As conclusões fazem parte de um estudo divulgado nesta segunda-feira (13/7) pelo Fundo das Nações Unidas para a Infância (Unicef), que investigou as barreiras enfrentada por gestantes na escolha da via de nascimento. 

Intitulada “Já decidiu sobre o parto? Influências e barreiras na decisão da via de nascimento entre gestantes“, a pesquisa concluiu que a decisão sobre o tipo de parto não depende apenas da vontade da mulher, mas também de fatores sociais, familiares e estruturais. 

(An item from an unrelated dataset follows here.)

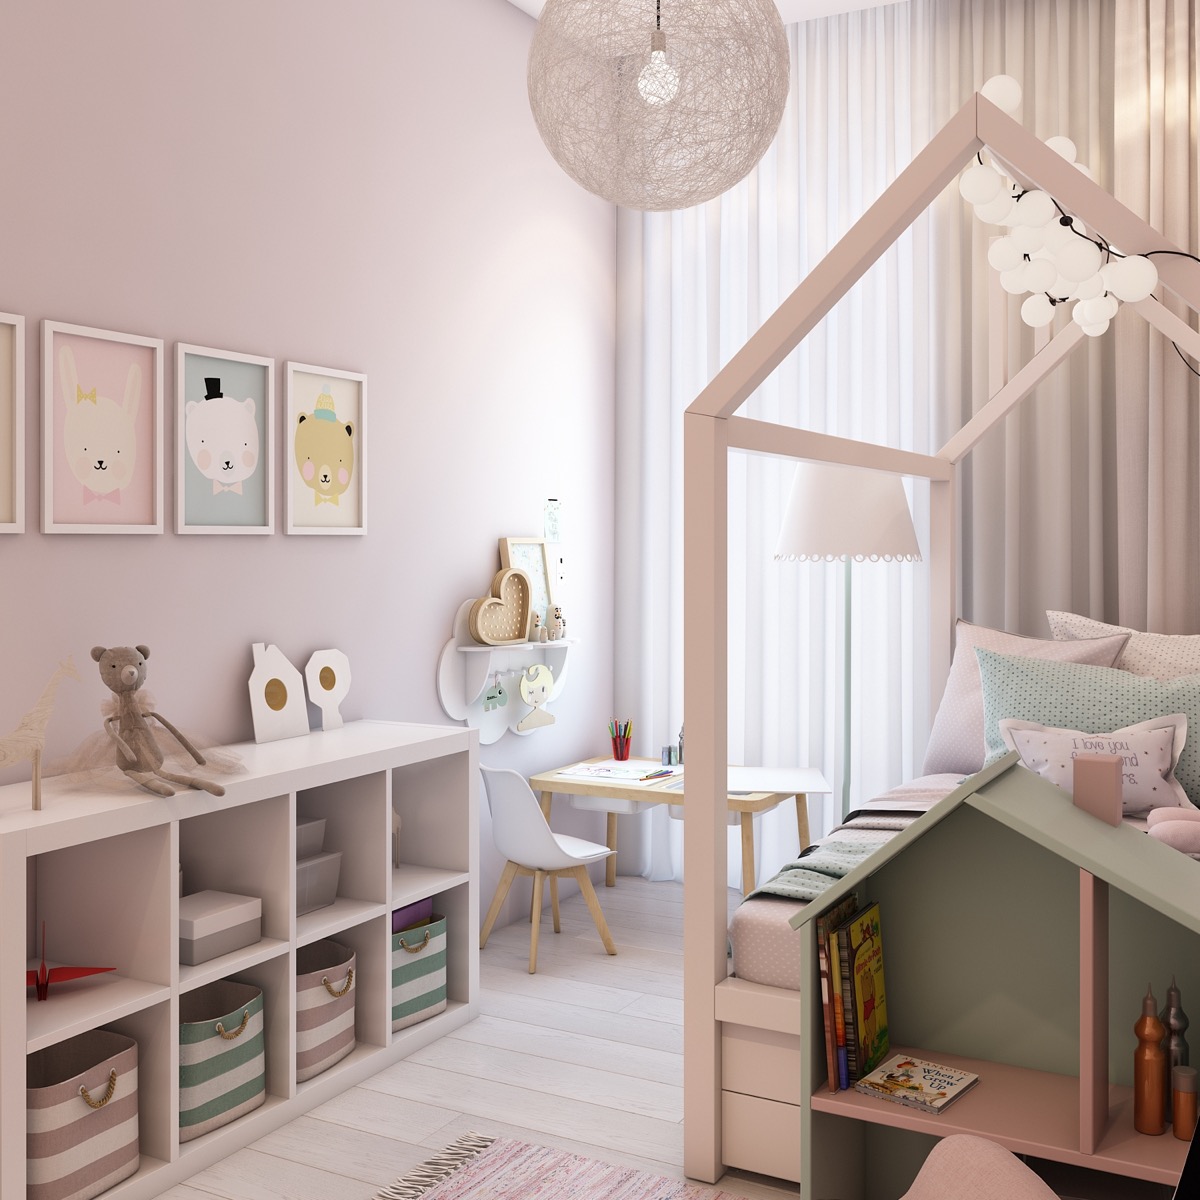 Hình ảnh phòng ngủ của trẻ được trang trí màu hồng phấn, tranh treo tường ngộ nghĩnh, khung giường hình ngôi nhà đáng yêu.

Segundo dados da Fundação Oswaldo Cruz (Fiocruz) citados no levantamento, sete em cada dez brasileiras preferem o parto normal no início da gravidez, apesar de a cesariana ser a forma de nascimento mais predominante no país,

A pesquisa apontou também que a baixa participação dos parceiros no pré-natal pode contribuir para escolhas baseadas em insegurança ou desconhecimento sobre o trabalho de parto, favorecendo a preferência pela cesariana. 

Entre os fatores estruturais, o levantamento destacou a oferta insuficiente de analgesia para o parto normal, o que leva parte das mulheres a enxergar a cirurgia como a única alternativa para evitar a dor.

No setor privado, a pesquisa identificou ainda fatores institucionais e econômicos que podem favorecer a realização de cesarianas. Entre eles estão:

  • A previsibilidade do agendamento cirúrgico;
  • A organização da rotina médica;
  • Custos envolvidos na manutenção de equipes disponíveis durante longos períodos de trabalho de parto.